Instructions for the task —
For this listing, reproduce the line with "El español José", the line with "Teresa Urquijo y", and the lines between, exactly as they stand. Leave out pictures and all other lines.

Provided material —
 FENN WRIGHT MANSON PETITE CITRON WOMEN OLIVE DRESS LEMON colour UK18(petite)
---
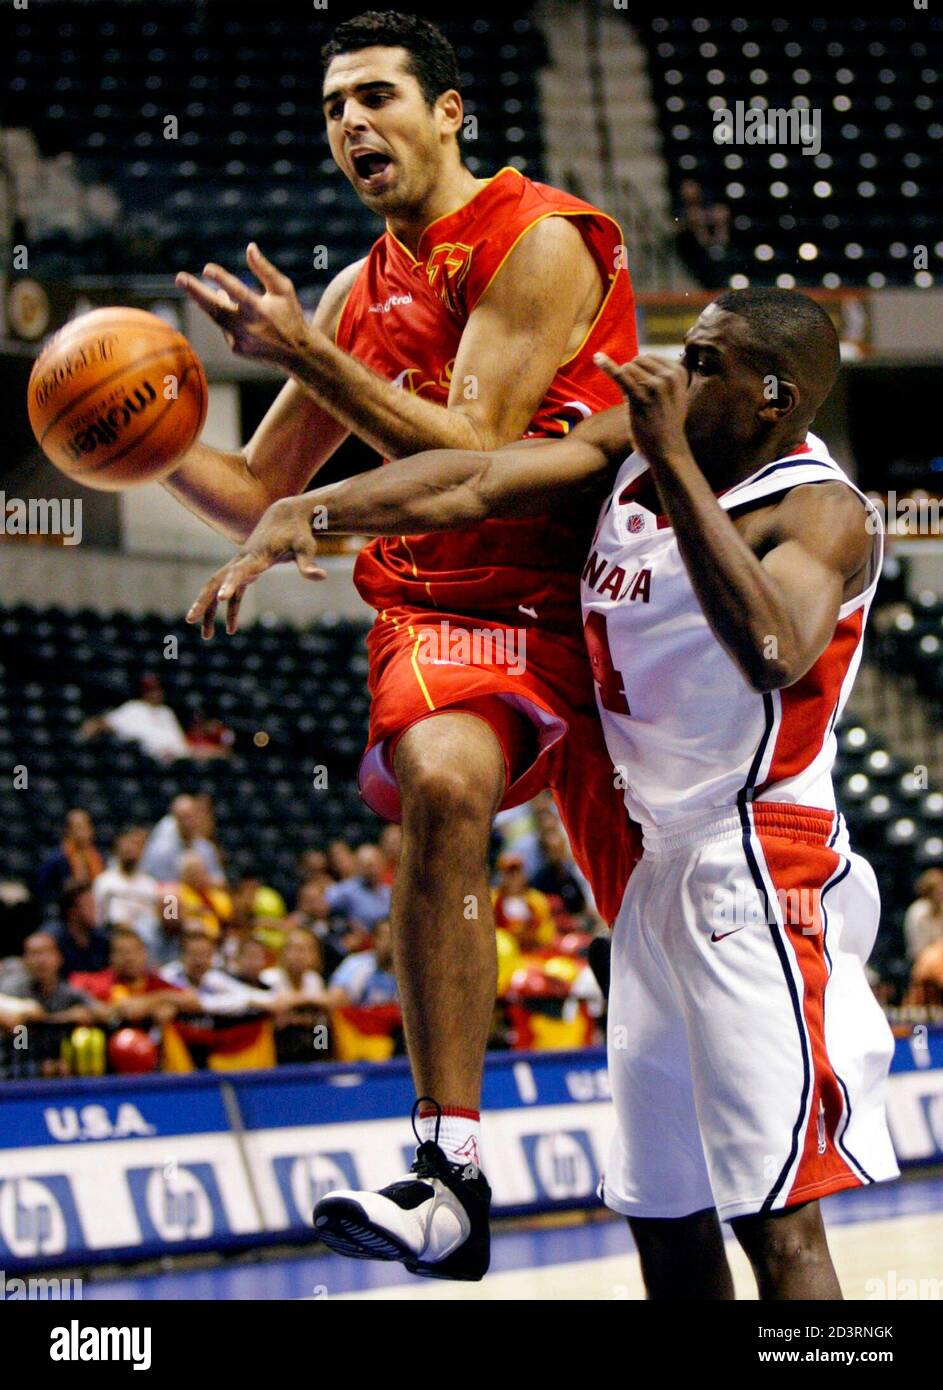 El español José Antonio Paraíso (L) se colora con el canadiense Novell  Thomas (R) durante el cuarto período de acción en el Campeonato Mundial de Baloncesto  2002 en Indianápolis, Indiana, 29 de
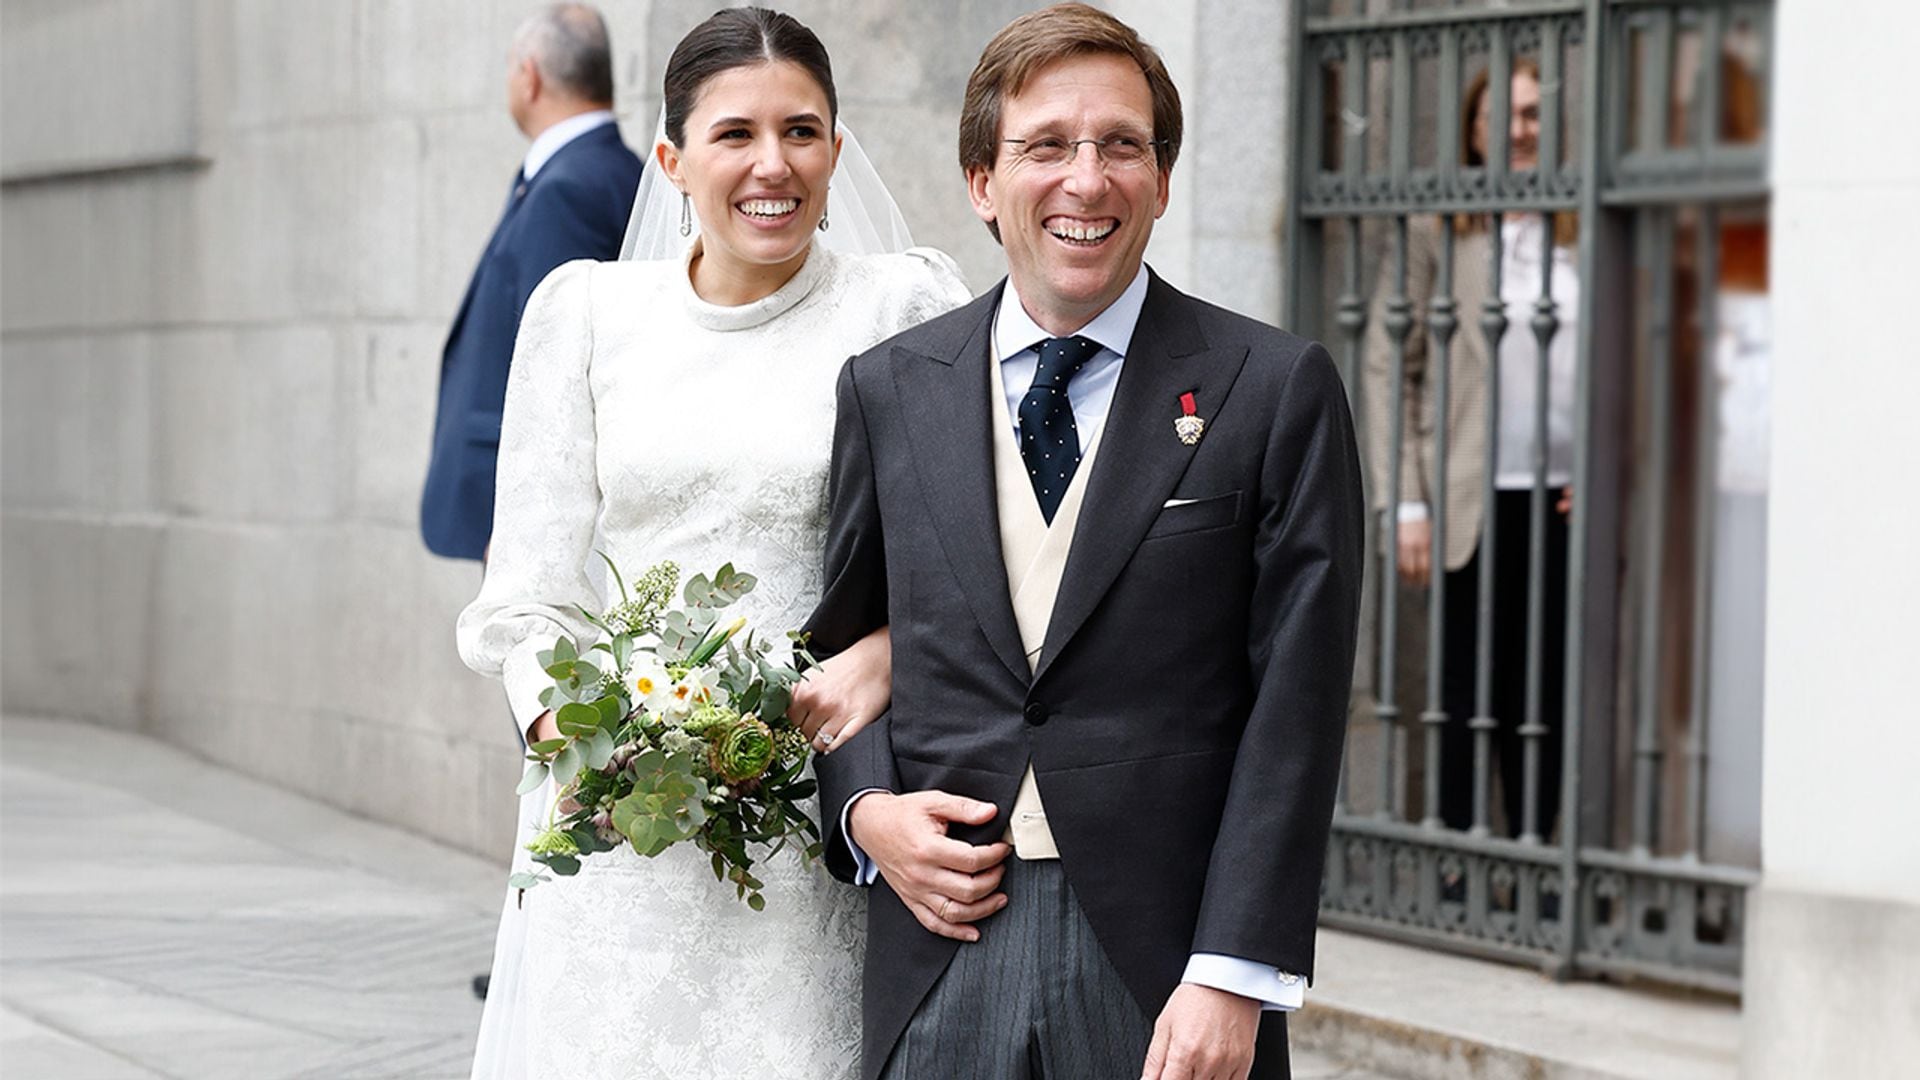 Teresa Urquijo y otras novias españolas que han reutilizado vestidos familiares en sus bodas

Written solution —
 El español José Antonio Paraíso (L) se colora con el canadiense Novell  Thomas (R) durante el cuarto período de acción en el Campeonato Mundial de Baloncesto  2002 en Indianápolis, Indiana, 29 de
 Teresa Urquijo y otras novias españolas que han reutilizado vestidos familiares en sus bodas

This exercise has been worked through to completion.